Alva was born on 28 June 1951 in Contumazá Province.[1] He earned his undergraduate and graduate degrees in archaeology.
Alva has worked for years at the Bruning Archeological Museum in Lambayeque, Peru. He advanced to the post of director there.
In 1987, Alva was called by police to investigate a site at Sipán, where huaqueros (grave robbers) had stolen artifacts from an archaeological site. Despite being ill with bronchitis, he made the trip. The robbers had discovered a crypt of a lord, filled with jewels and gold, and Alva knew it was significant.[2] Alva did most of the excavating without delay, as he was concerned that robbers might come back and cause more damage. As a result, he started digging without any funding or the support of the area police, with matters made worse as the result of the primary robber being killed by police.[2]
After further digging, Alva found, among other things, the undamaged body of a Moche lord.[3] From these finds, he and other scholars were able to determine that Huaca Rajada, a group of three pyramids once thought to belong to the later Chimú culture, were a part of Moche culture.[3] The findings were later described by the National Geographic Society as the richest intact pre-Columbian tomb in the Western Hemisphere.[4]
During many of these years, Alva was the director of the Bruning Archaeological Museum in Lambayeque, Peru.
In 2007, Alva discovered murals at a 4,000-year-old Peruvian temple in Ventarron.

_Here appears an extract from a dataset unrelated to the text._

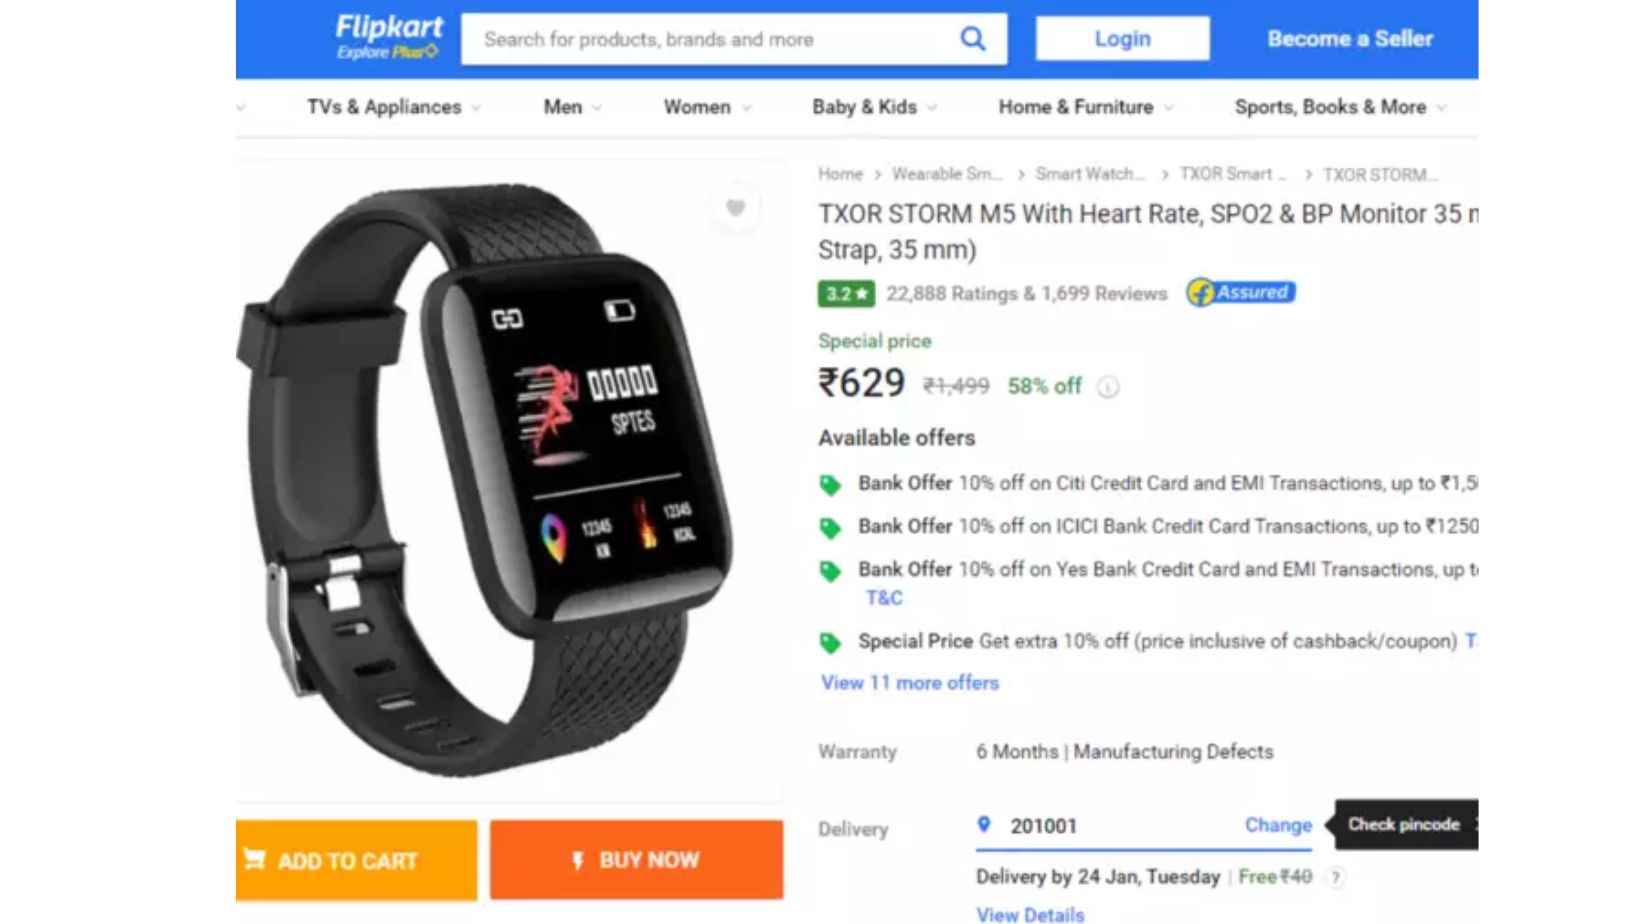 Flipkart smartwatch offer

The murals, showing a deer caught in a net, are considered the oldest murals in the Americas.[3] Alva determined their age by the process of carbon dating.[5] The construction material that was used at the temple was not primitive.[6] As a result, Alva was able to show that the civilization was able to spread farther than originally thought.[3] He worked on the dig with his son Ignacio, who is also an archaeologist.[7]